> _DIRECTIONS FOR THIS TASK_:
Further down are entries; set down exactly and only the lines from the one with "Nami Ura 14" up to and including the one with "壮大、感動のオーケストラOPハーフcの未再生の波形", dropping each picture.

── DATA RECORDS

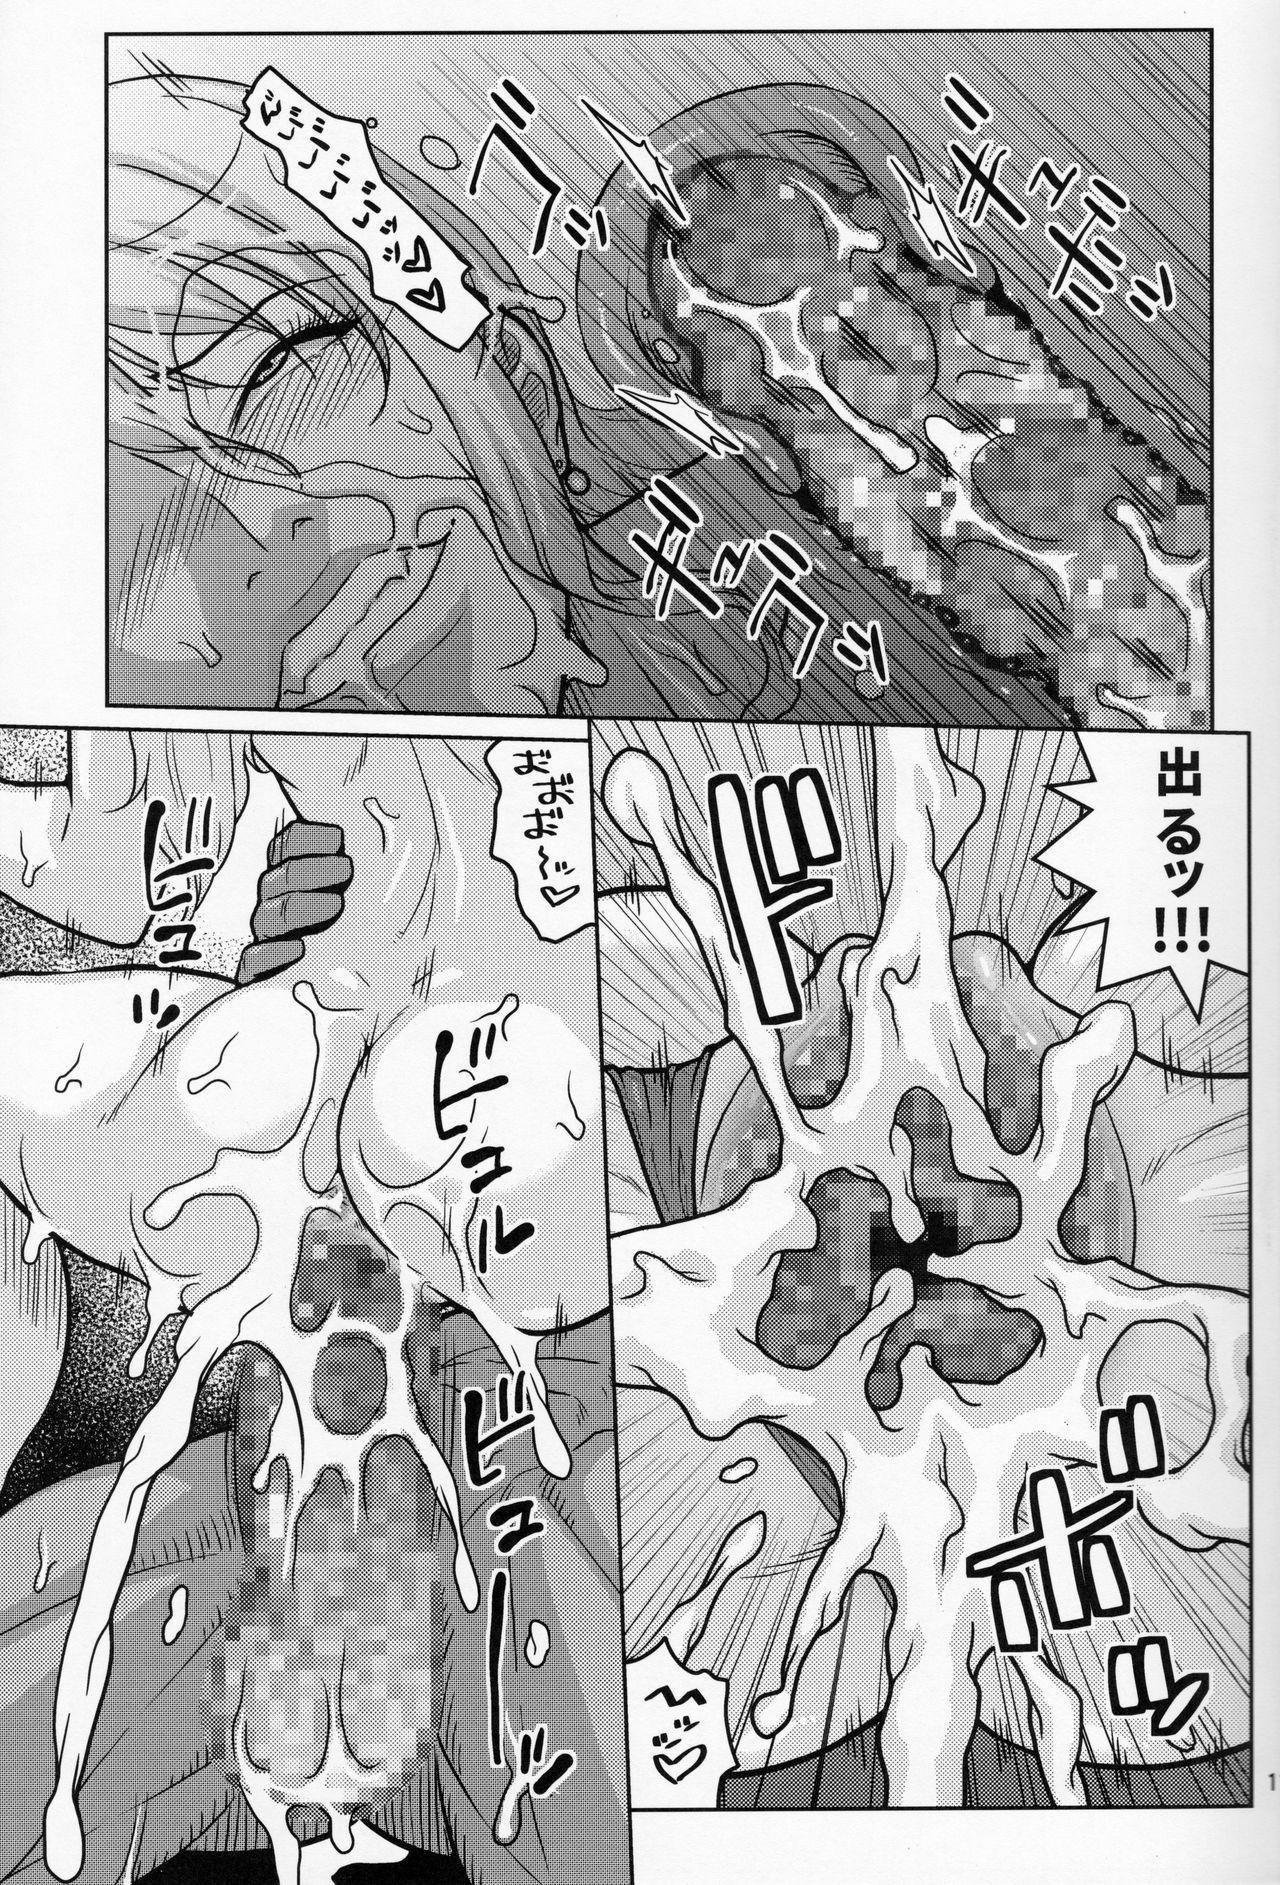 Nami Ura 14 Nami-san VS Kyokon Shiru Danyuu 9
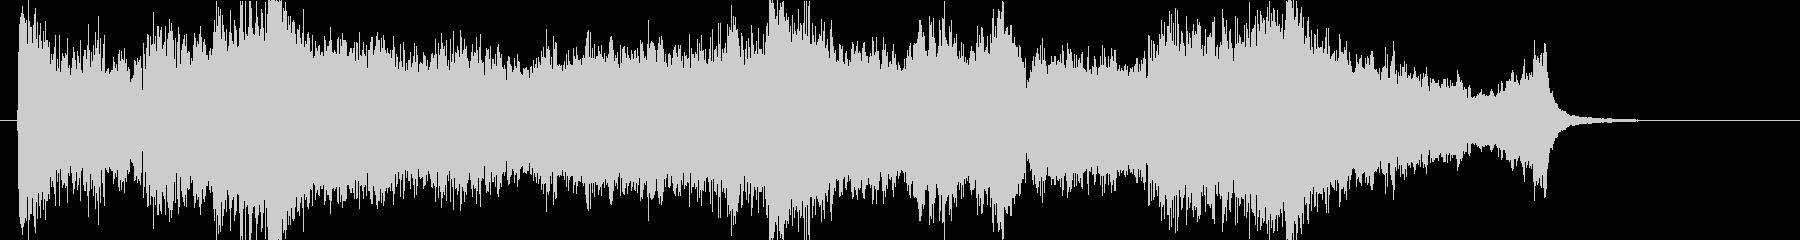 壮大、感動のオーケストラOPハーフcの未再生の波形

────
── DATA RECORDS

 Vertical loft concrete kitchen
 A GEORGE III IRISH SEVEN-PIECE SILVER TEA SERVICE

────

> _ANSWER TO THIS TASK_:
 Nami Ura 14 Nami-san VS Kyokon Shiru Danyuu 9
 壮大、感動のオーケストラOPハーフcの未再生の波形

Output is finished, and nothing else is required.